8.1. Supervisory Authority and Data Protection Officer
Our lead supervisory authority under GDPR is the Bulgarian Commission for Personal Data Protection (Комисия за защита на личните данни, KZLD). You have the right to lodge a complaint with KZLD or with your local supervisory authority if you believe your personal data is being processed unlawfully.
We will reassess our obligation to appoint a Data Protection Officer under GDPR Article 37 within 90 days of our official launch. For any privacy-related questions in the meantime, please contact legal@fraud-intercept.com.
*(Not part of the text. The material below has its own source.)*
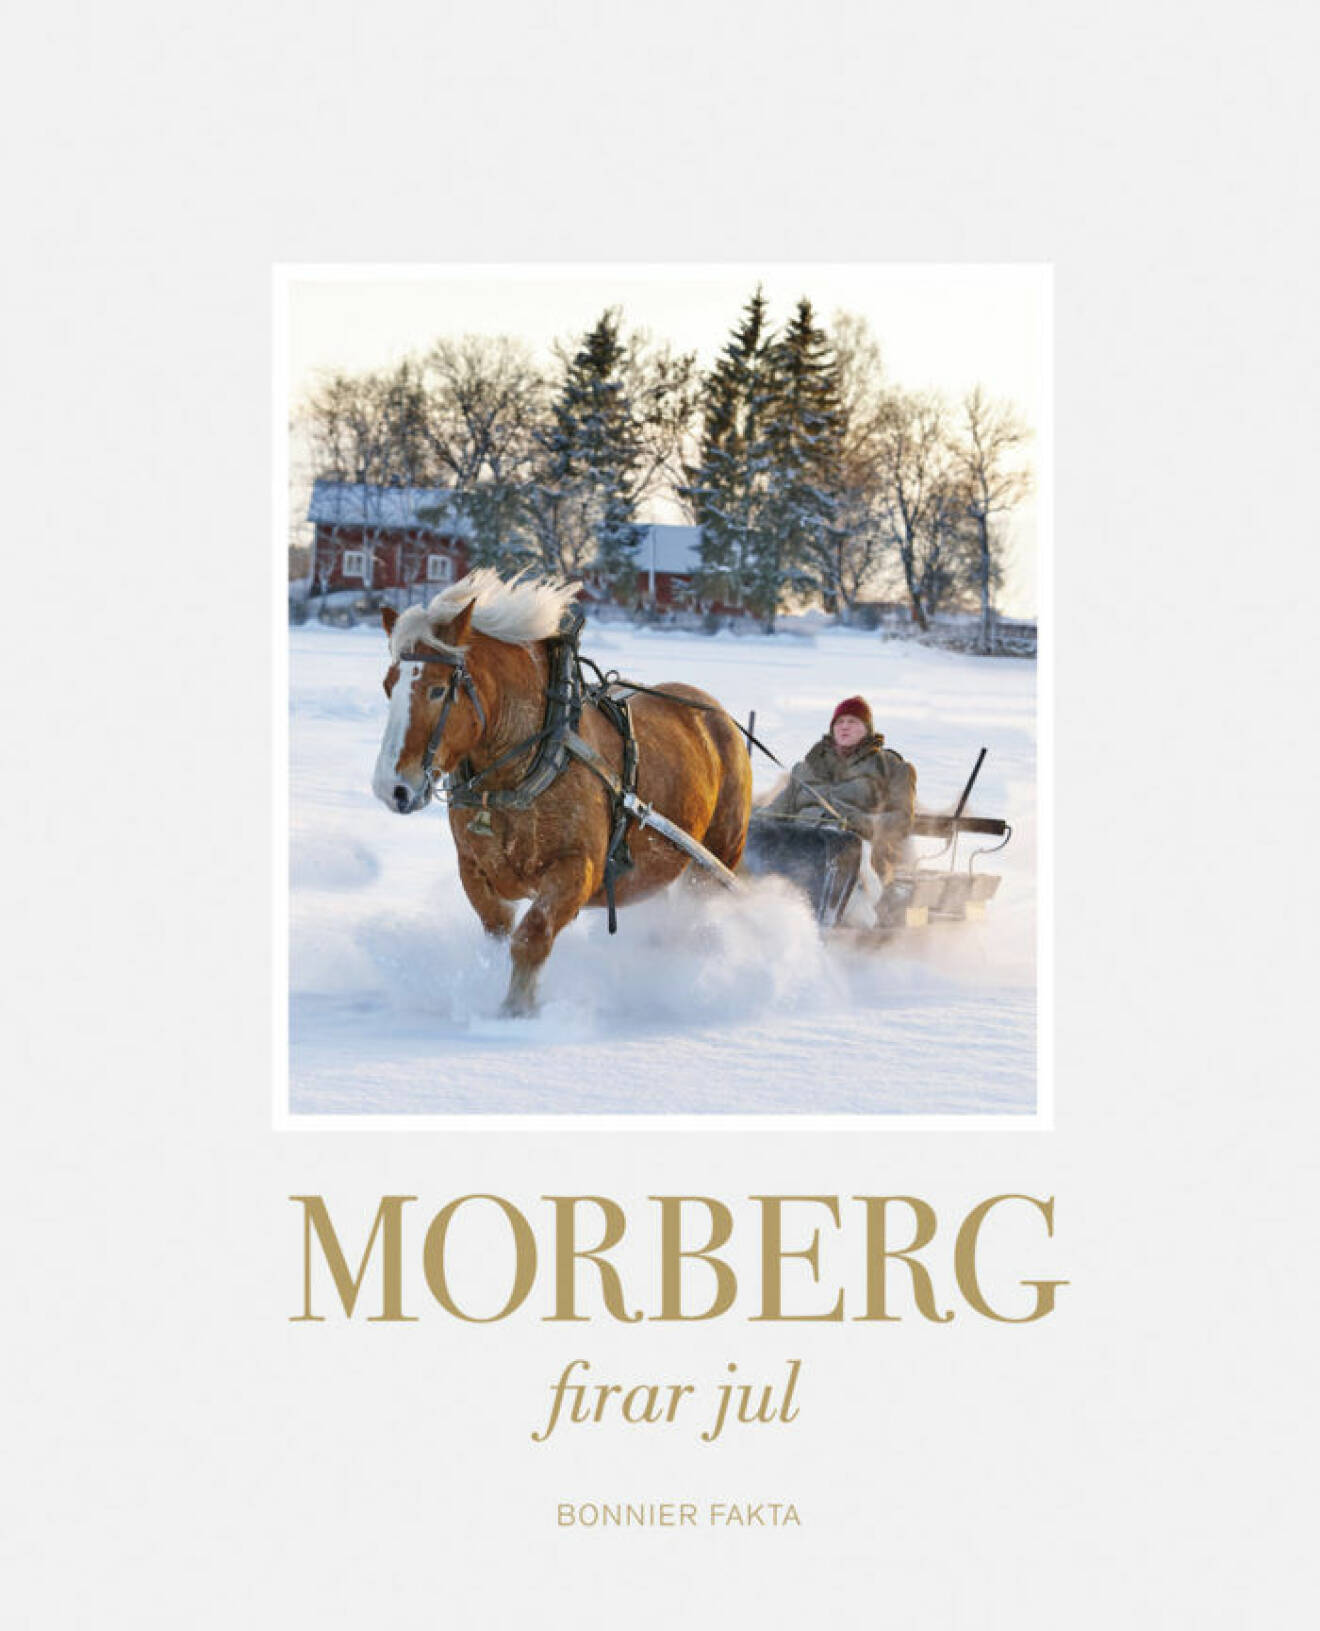 Morberg firar jul (Bonnier Fakta) Här hittar du julsalladen som vi bjuder på här!

9. International Data Transfers
Certain sub-processors are established in, or are subsidiaries of entities established in, the United States. Where personal data is transferred outside the European Economic Area, we rely on one or more of the following safeguards:
- An adequacy decision of the European Commission, including the EU-US Data Privacy Framework where the receiving entity is certified
- Standard Contractual Clauses adopted by the European Commission (Commission Implementing Decision (EU) 2021/914), supplemented by a transfer impact assessment and appropriate technical and organizational measures
- Your explicit consent, where no other mechanism applies
You may obtain a copy of the applicable safeguards by contacting legal@fraud-intercept.com.
10. Data Breach Notification
In the event of a personal data breach that is likely to result in a risk to the rights and freedoms of individuals, we will:
- Notify affected individuals promptly and without undue delay
- Provide clear information about the nature of the breach, the data involved, and steps taken to address it
- Comply with the 72-hour notification requirement to the relevant supervisory authority under GDPR, where applicable
11. Children's Privacy
The Service is not intended for use by individuals under the age of 13, and we do not knowingly collect personal data from children. If we become aware that personal data has been collected from a child under 13 without appropriate consent, we will take steps to delete that data promptly.
If you believe we may have inadvertently collected data from a child, please contact us at legal@fraud-intercept.com.
12. Policy Updates
We may update this Privacy Policy from time to time to reflect changes in our practices, technology, legal requirements, or other factors. The “Last Updated” date at the top of this page reflects when the most recent changes were made.
For material changes that significantly affect how we process your personal data, we will communicate the update via email or through a prominent notice within the Service prior to the changes taking effect. We encourage you to review this Policy periodically to stay informed about how we protect your data.